- WORK TASK -
Here, set down only the lines between the line that contains "Dark Pink Flowers" and the final line of the material, both included, exactly as written. Skip the pictures.

- DATA PROVIDED -
Start of Block

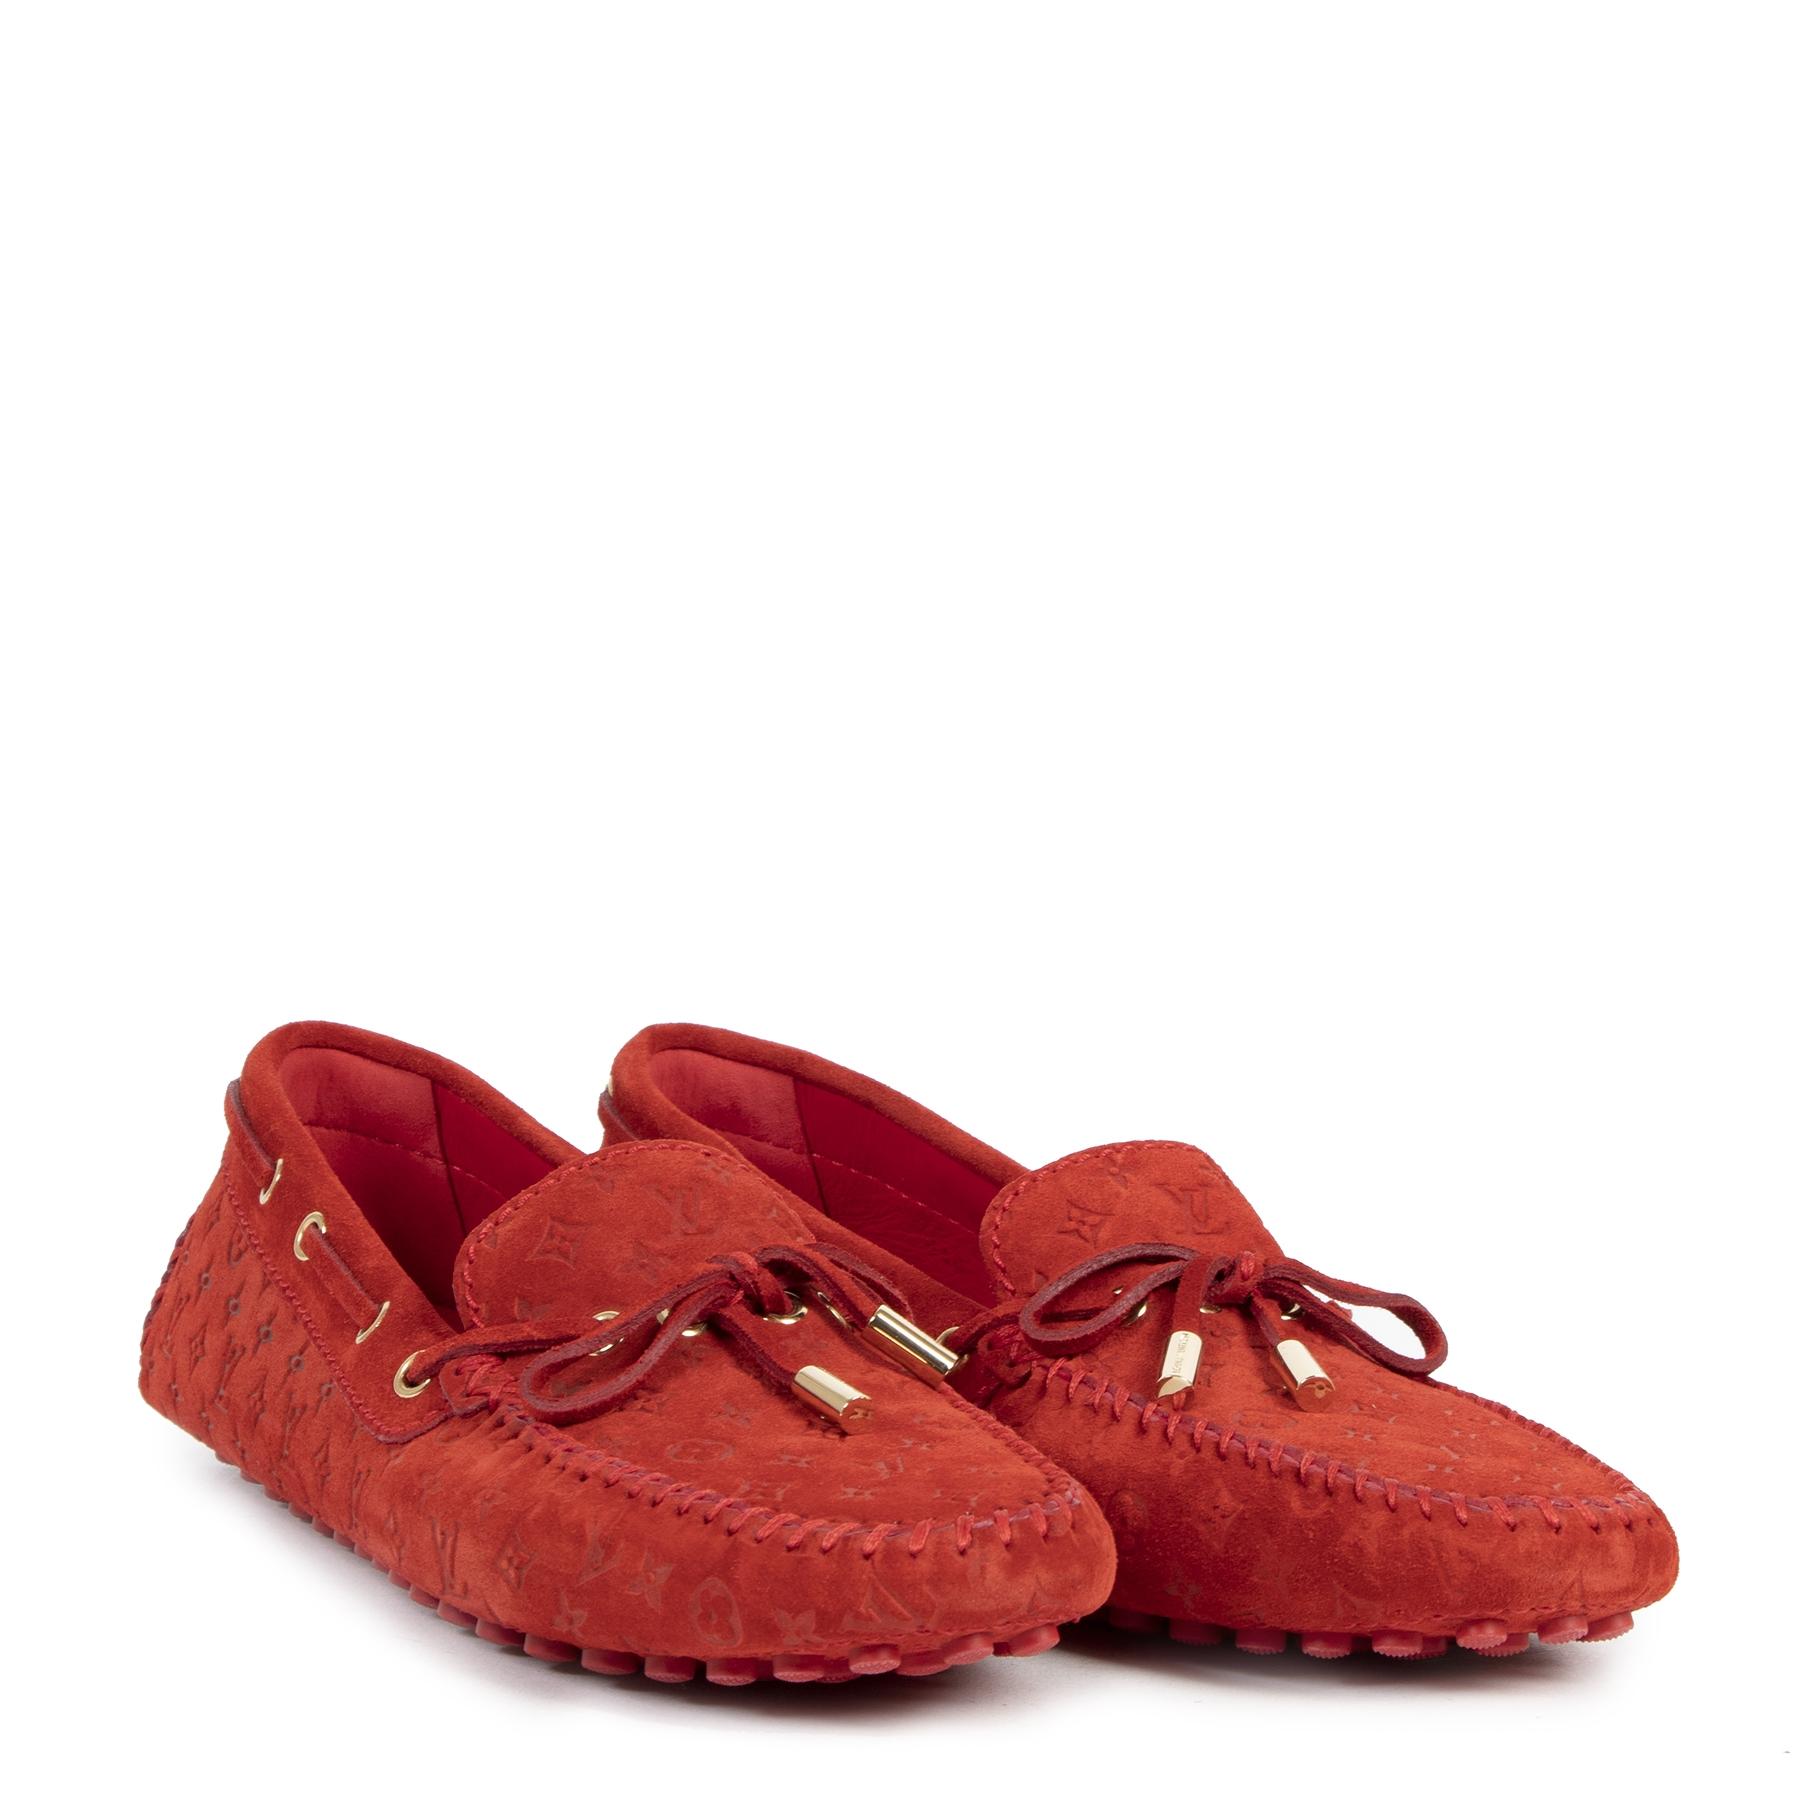 Authentieke tweedehands vintage Louis Vuitton Monogram Red Loafers - Size 40 koop online webshop LabelLOV
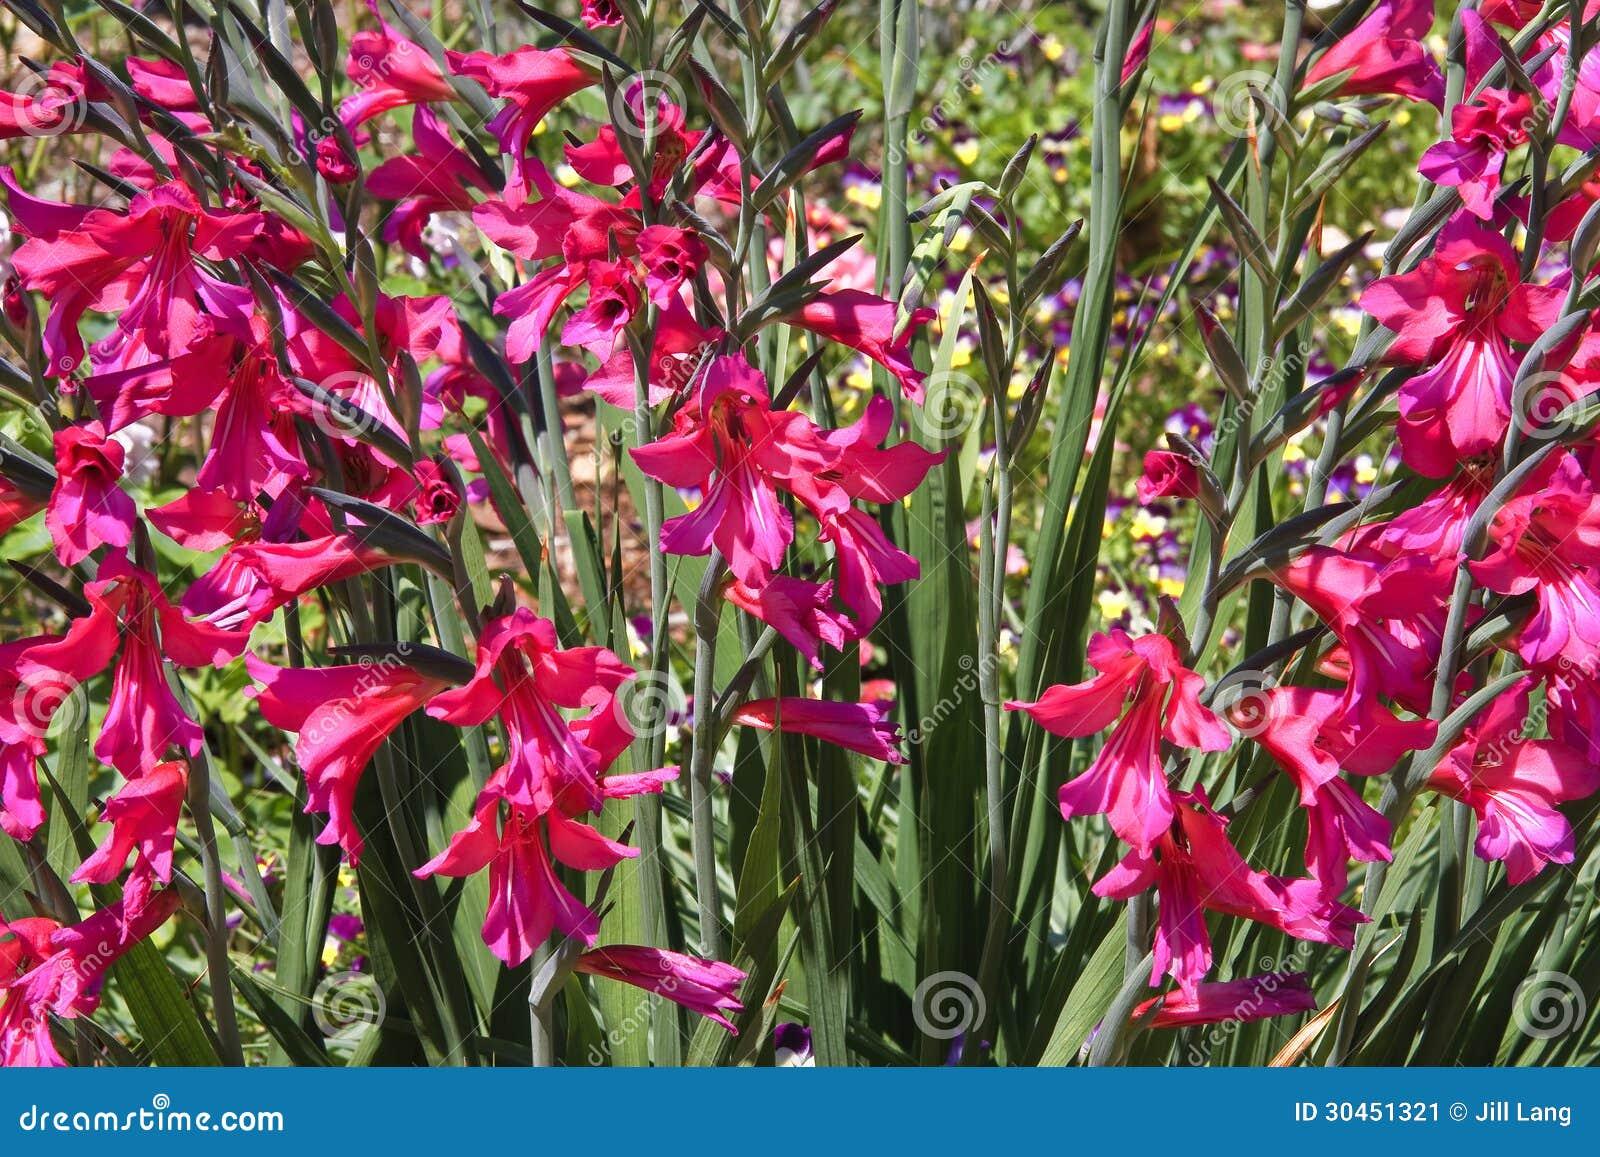 Dark Pink Flowers Stock Image Image Of Gardens Flower 30451321
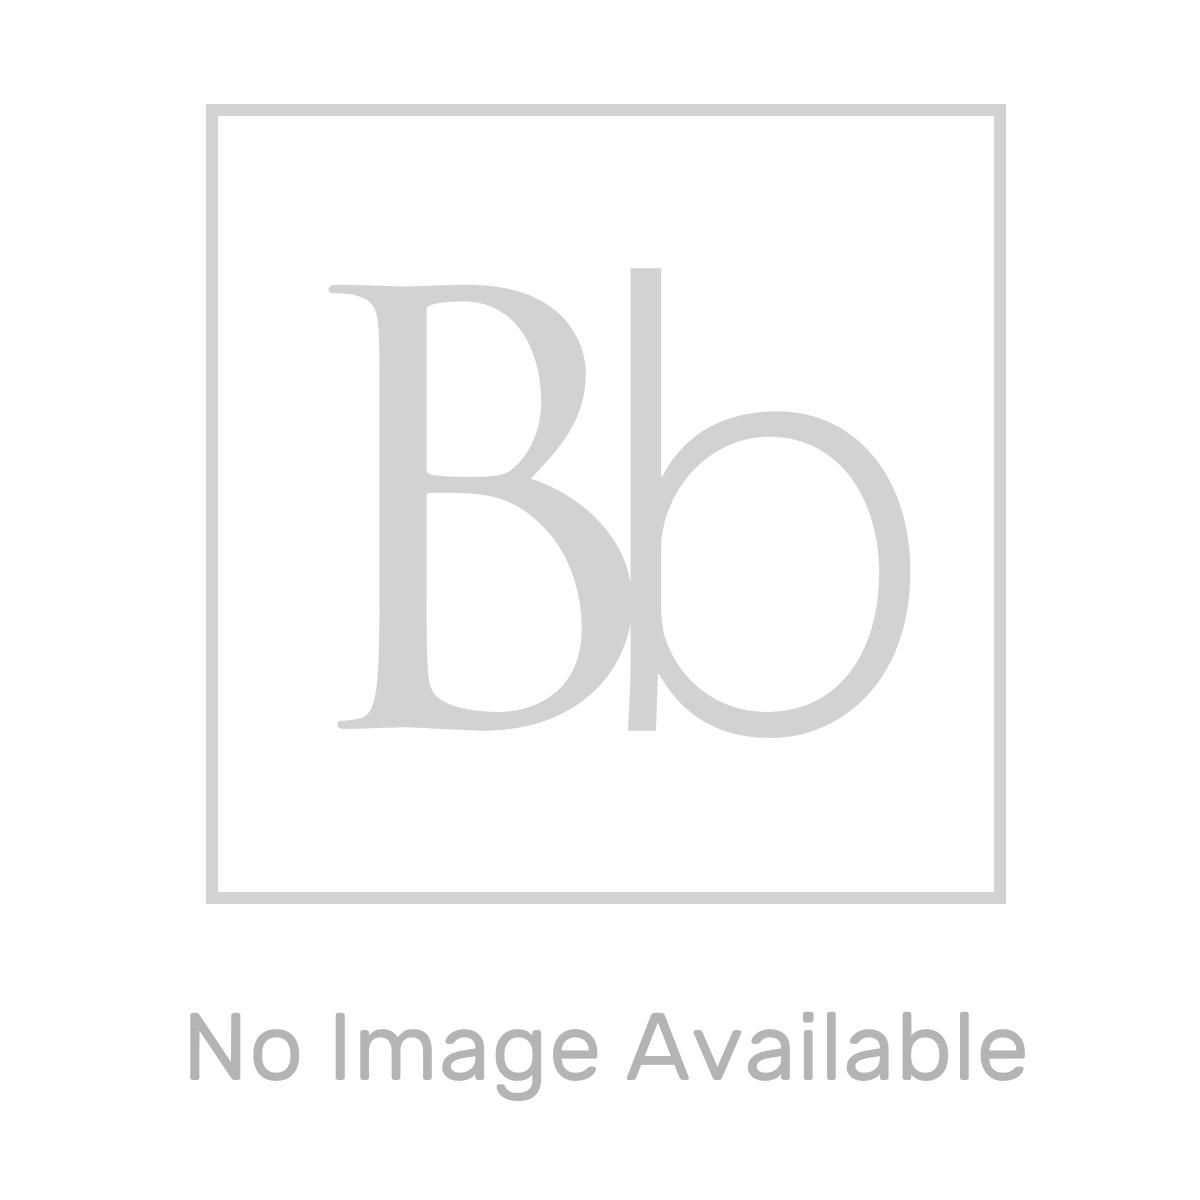 Elation Eko Dijon Walnut Tall Unit with Slab Door 1500mm

End of Block

- TASK RESPONSE -
 Dark Pink Flowers Stock Image Image Of Gardens Flower 30451321
 Elation Eko Dijon Walnut Tall Unit with Slab Door 1500mm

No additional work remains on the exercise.